Compared to the spoken CS, the total use of CS in the written mode was more frequent, with an average use of 11.16% in the total number of finite clauses that were analyzed. There were three participants (F2, F14 and M6) who exhibited exceptionally high CS frequency in their online posts, above 40%. Another prominent feature of CS use in the written mode is the relatively higher use of ACS, with a mean of 6.35%. However, it should be noted that the median use of written ACS among the participants was only 1.43%, indicating that half of the participants used ACS no more frequently than 1.43% and the other half used it to a much greater extent. As a result, not only was overall ACS use more frequent in the written mode, the variation displayed in its use was also wider.
Insertional code-switching use also became more frequent, with the average use increasing from 4.24% in speech to 6.73% in online posts.

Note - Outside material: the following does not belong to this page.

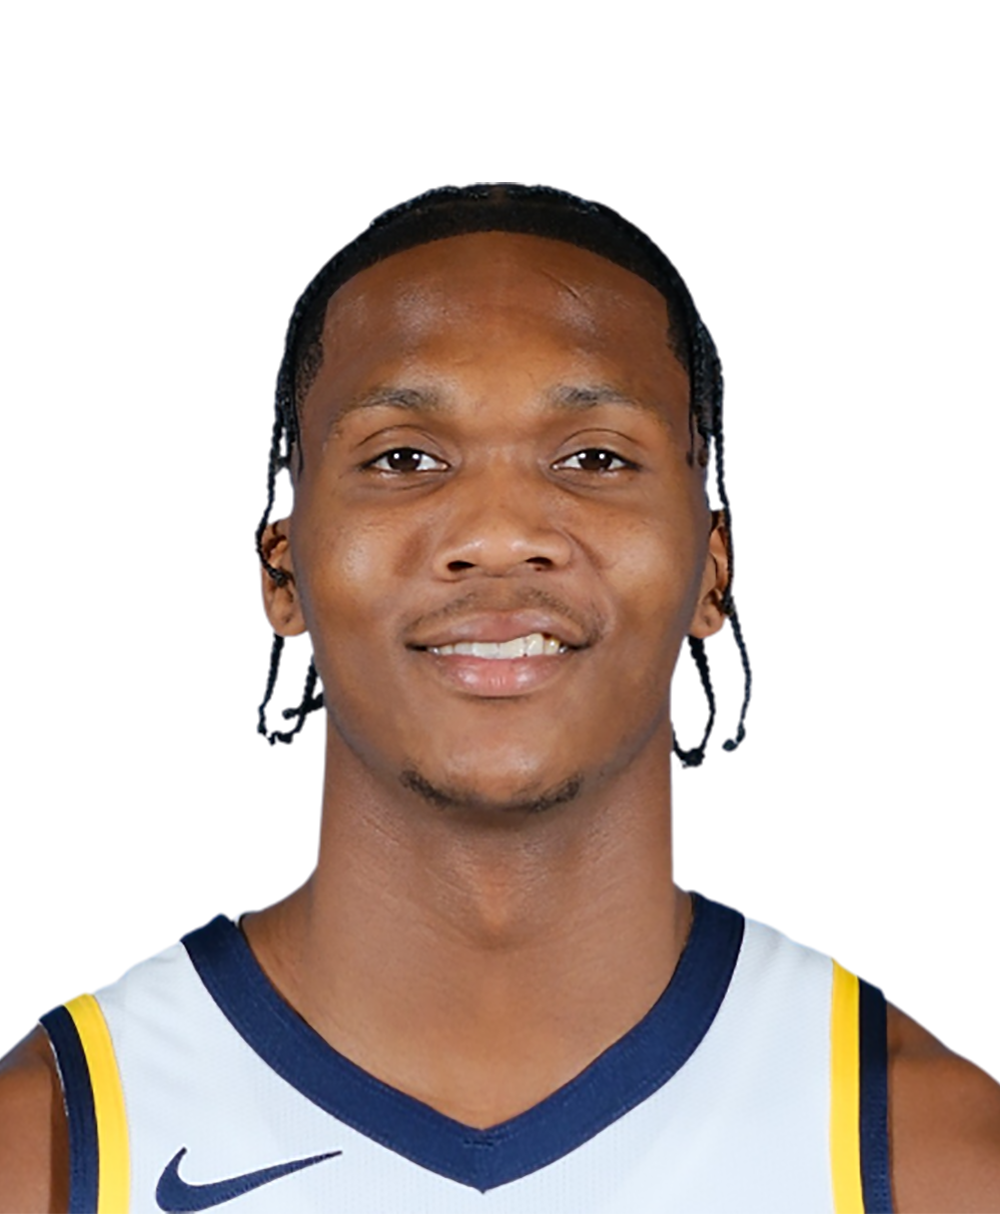 Indiana Pacers - 26 points tonight for Bennedict Mathurin.

Compared to ACS, variation in ICS use was more evenly distributed among the participants, as shown by the smaller difference between median (5.20%) and mean (6.73%) values. To sum up, the written mode received more occurrences of CS and both types of CS. The use of ACS, in particular, seems to be reserved only in the written mode. The results of a series of Wilcoxon signed-rank tests confirmed that the differences in CS between the two interaction modes are significant.
Description of the details of code-switching in interview speech and online posts
Tables 1 and 2 compare the sub-types of ICS and ACS in speech and online posts. In both tables, the sub-types are listed in the left column. The middle column lists the types of ICS/ACS that were found in interview speech and the right one lists those found in online posts. The checkmark “✓” indicates the presence of each type in each mode. The percentage of each sub-type in the total number of ICS/ACS in each mode is also presented.

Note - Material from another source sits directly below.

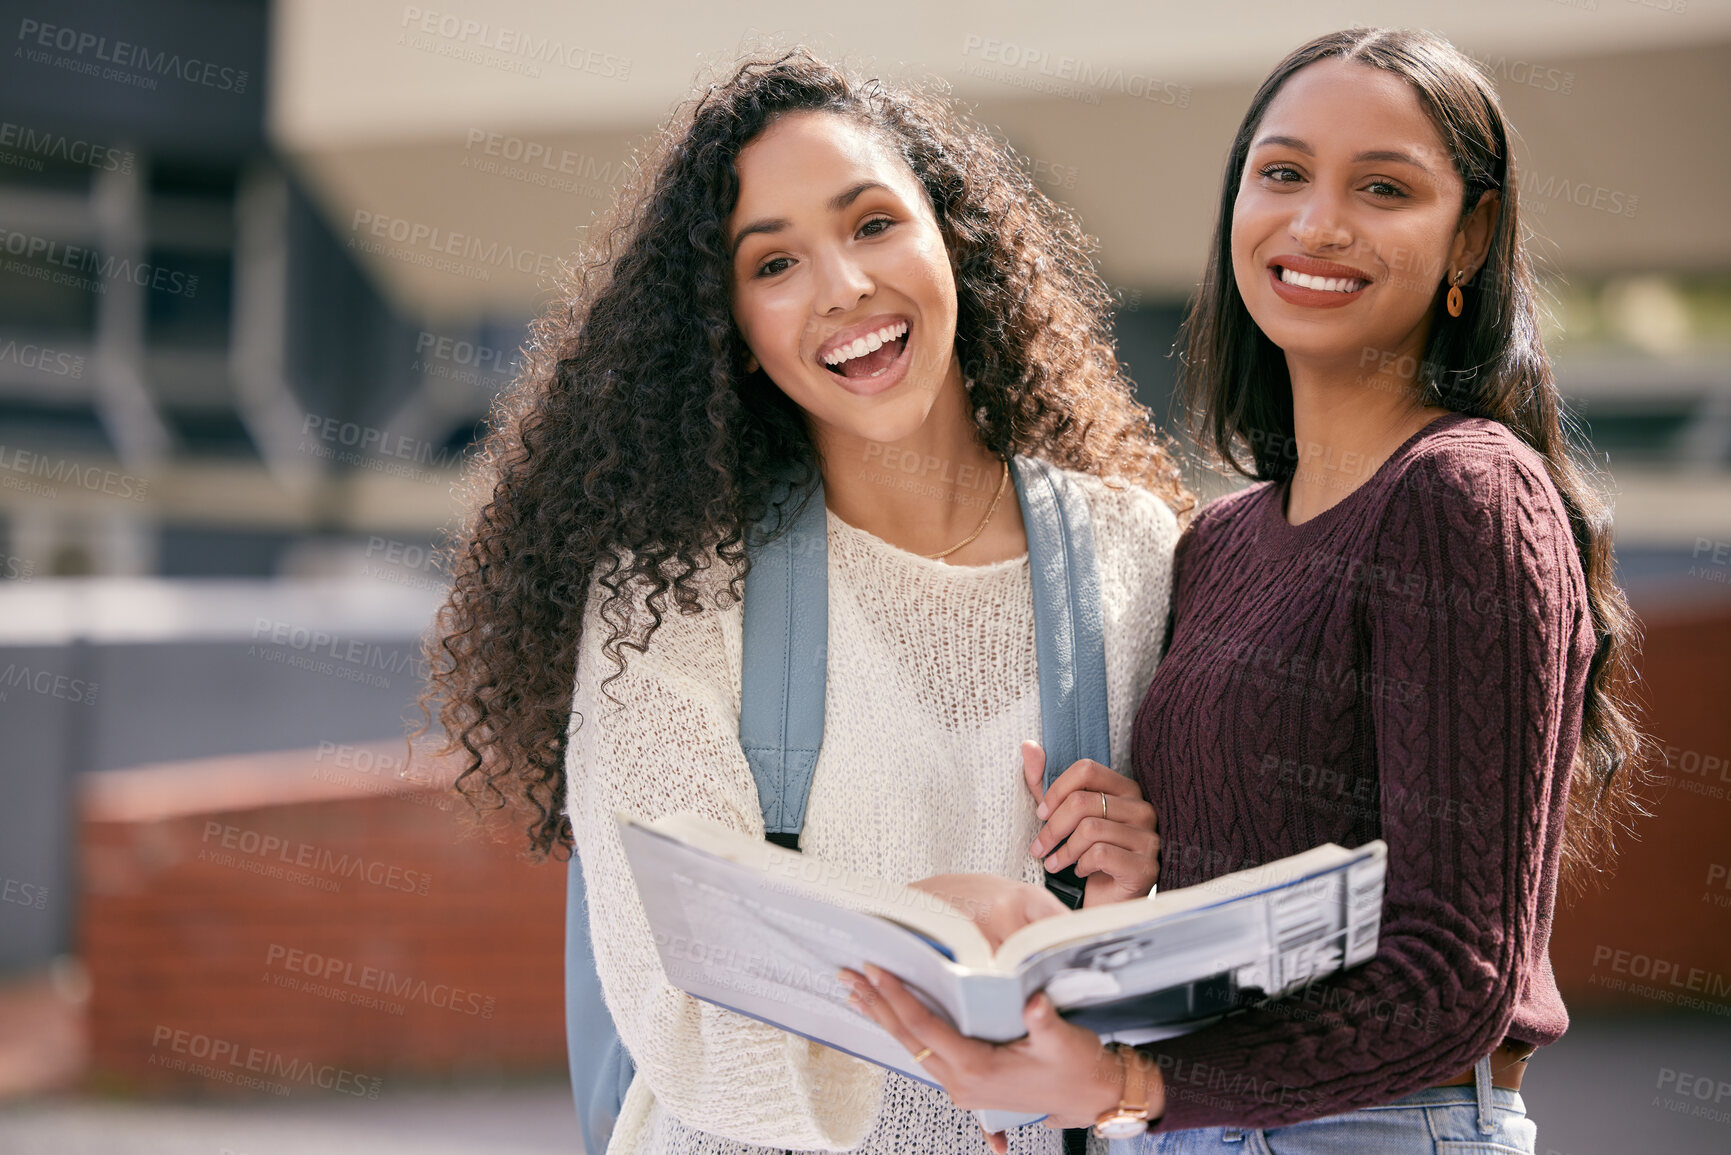 Buy stock photo Book, university and portrait of female students studying for a test outdoor on campus together. Happy, smile and women friends reading information in a textbook for an assignment or exams at college

A comparison of interview speech and online posts on the make-up of insertional code-switching (ICS): the frequency of different parts of speech.
A comparison of interview speech and online posts on the makeup of alternational code-switching (ACS).

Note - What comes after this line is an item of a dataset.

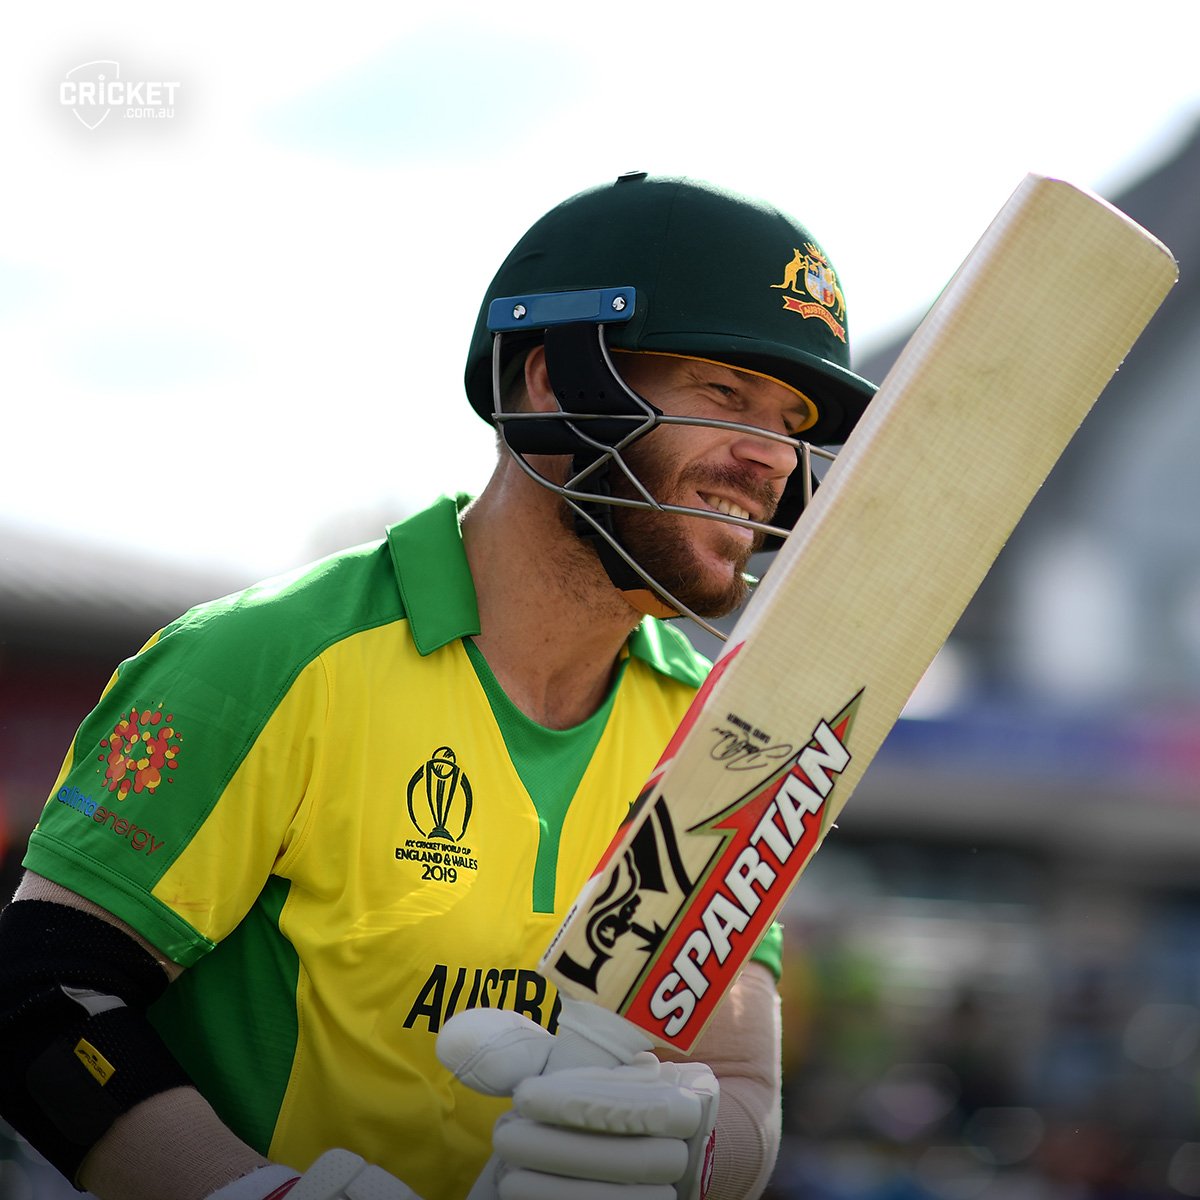 CWC'19: English crowd continue to give hostile reception to David Warner

As shown in Table 1, interview speech and online posts did not differ from each other to a great extent. Switching for nouns and noun phrases were the more common types across the two modes. This is in line with the results from earlier research on other language pairs, for example Pfaff (1982) on Spanish and English, Meisel (1994) on French and German. The two interaction modes also shared almost all the types of ICS except two, prepositions and complex prepositions. In fact, these two sub-types of ICS were only used by one participant (F2) in her interview speech. It appears that this participant not only used CS with exceptionally high frequency, her range of CS types was also wider.
A noticeable difference between the two modes is the frequency of switching to discourse markers. In interview speech, they are the second most frequently switched elements (with a frequency of 21.99%), which confirms the previous research findings that discourse markers are prone to be switched in bilingual speech (e.g. Pfaff, 1982). In online posts, their frequency has dropped to 3.40%. In addition, the most frequently observed discourse markers differed in these two modes. In interviews, among the frequently used English discourse markers, there were “yeah”, “you know”, “anyway” and “like”; whereas in online posts, “anyway”, “well” were the only two English discourse markers that have been observed.
To account for the observed difference, we need to understand what role is played by discourse markers. Schiffrin (1987) defined discourse markers as units that coordinate talk. In spontaneous interaction, the real-time processing of information exchanged allows speakers little time to prepare and edit their speech. The premium on fluency in speech (Smith & Clark, 1993), on the other hand, then prompts speakers to adopt solutions that could prepare their audience with upcoming looseness and some off-record information. One of such solutions is to use discourse markers, especially those that are temporally sensitive, such as “like” or “you know”, which “are linked to the temporal pressures of communicating with a waiting addressee” (Fox Tree, 2015, p. 70).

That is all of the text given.